Colleen nodded. She'd bartended at the historic hotel during the summers after her junior and senior years, and worked at a bar in Bozeman during the school year. "Yeah, why?"

"Just thinking we could really use some more help around here a couple nights a week." She topped Colleen's drink with a sprig of mint and set it on the napkin in front of her. "I want to scale back, and of course take off several months entirely once this little critter gets here."

Colleen's heart twisted as she watched Molly stroke her hand lovingly over her rounded belly. She swallowed hard and told herself the tightness in her throat was just tension from everything they had going on.

"And Lord knows Ellie has her hands full with two kids."

"Yeah." Colleen tore her gaze away from Molly's midsection and forced a smile on her lips. "I've seen Anthony twice at the ER since I started working there. Speaking of which, once I up my hours to full time, I should be bringing in enough to cover the payments. But thanks for the offer."

Molly shrugged. "It was worth a try. Let me know if you change your mind. With the summer tourist season gearing up, you'd make great tips."

The next day Colleen spoke with the Nancy Johnson, the Chief Nursing Officer at the medical center and asked her how soon she could start full time.

Nancy pursed her lips and fiddled with the chain that held her reading glasses around her neck. "Surely, dear, you don't want to spend so much time away from your mother?"

Some would have balked at the familiarity of a supervisor calling her "dear," but since Nancy and her husband had been friends with Colleen's parents since high school she could get away with it.

Despite her loose lips while talking to Molly last night, if her mom hadn't already told one of her oldest friends about her financial issues, Colleen didn't want to be the one to spill the tea.

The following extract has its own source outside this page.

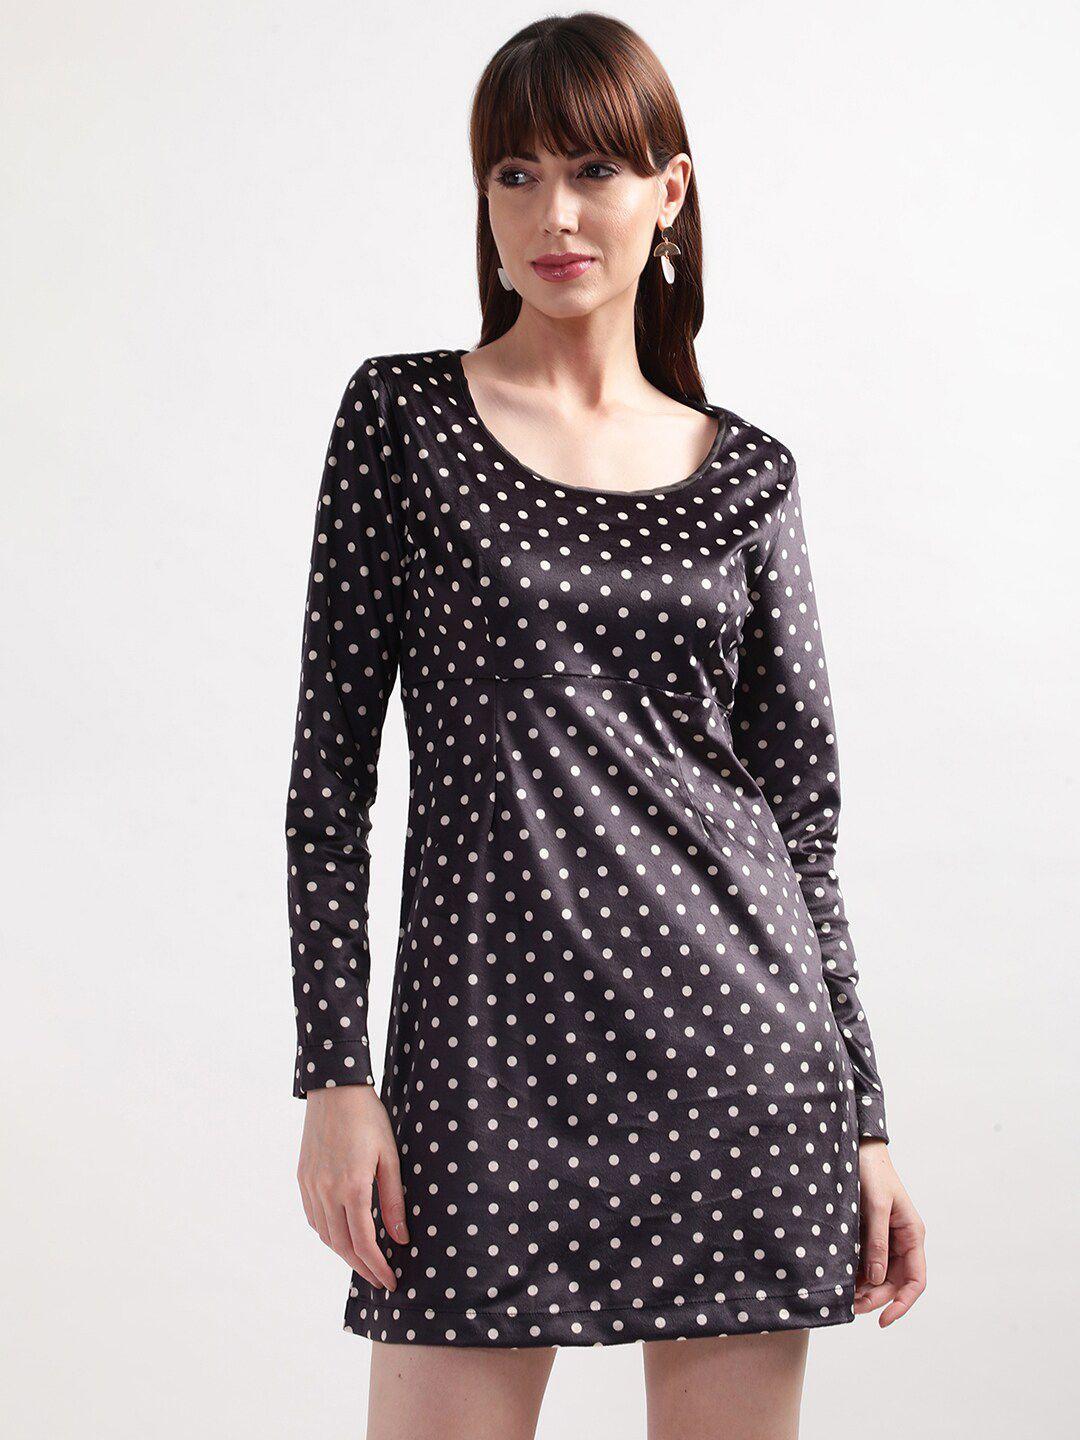 elle-women-black-&-white-polka-dots-printed-a-line-dress

Instead she said, "Mom's doing better lately, and she's trying to get out more. And I think it would be good for both of us if I got back to work full time. I'm fine doing nights and weekends or covering for people last minute." Anything to get her bank balance to grow.

Nancy sighed and pressed her lips together, saying nothing. The silence stretched over several seconds, long enough to make Colleen shift uncomfortably in her seat.

"I'm afraid I don't have enough room for you to go full-time, honey."

Colleen's eyebrows snapped together. "What do you mean? Everyone's always complaining that we're understaffed, especially the nurses."

"I know, but unfortunately with the recent budget cuts, there's not enough funding to bring in another nurse at your level full-time. Honestly, as it was I had to shoehorn you in to get you scheduled even half-time."

Colleen listened as Nancy promised to try to give her extra shifts if anyone was sick or went on vacation, and to give a glowing reference to anyone else interested in hiring her.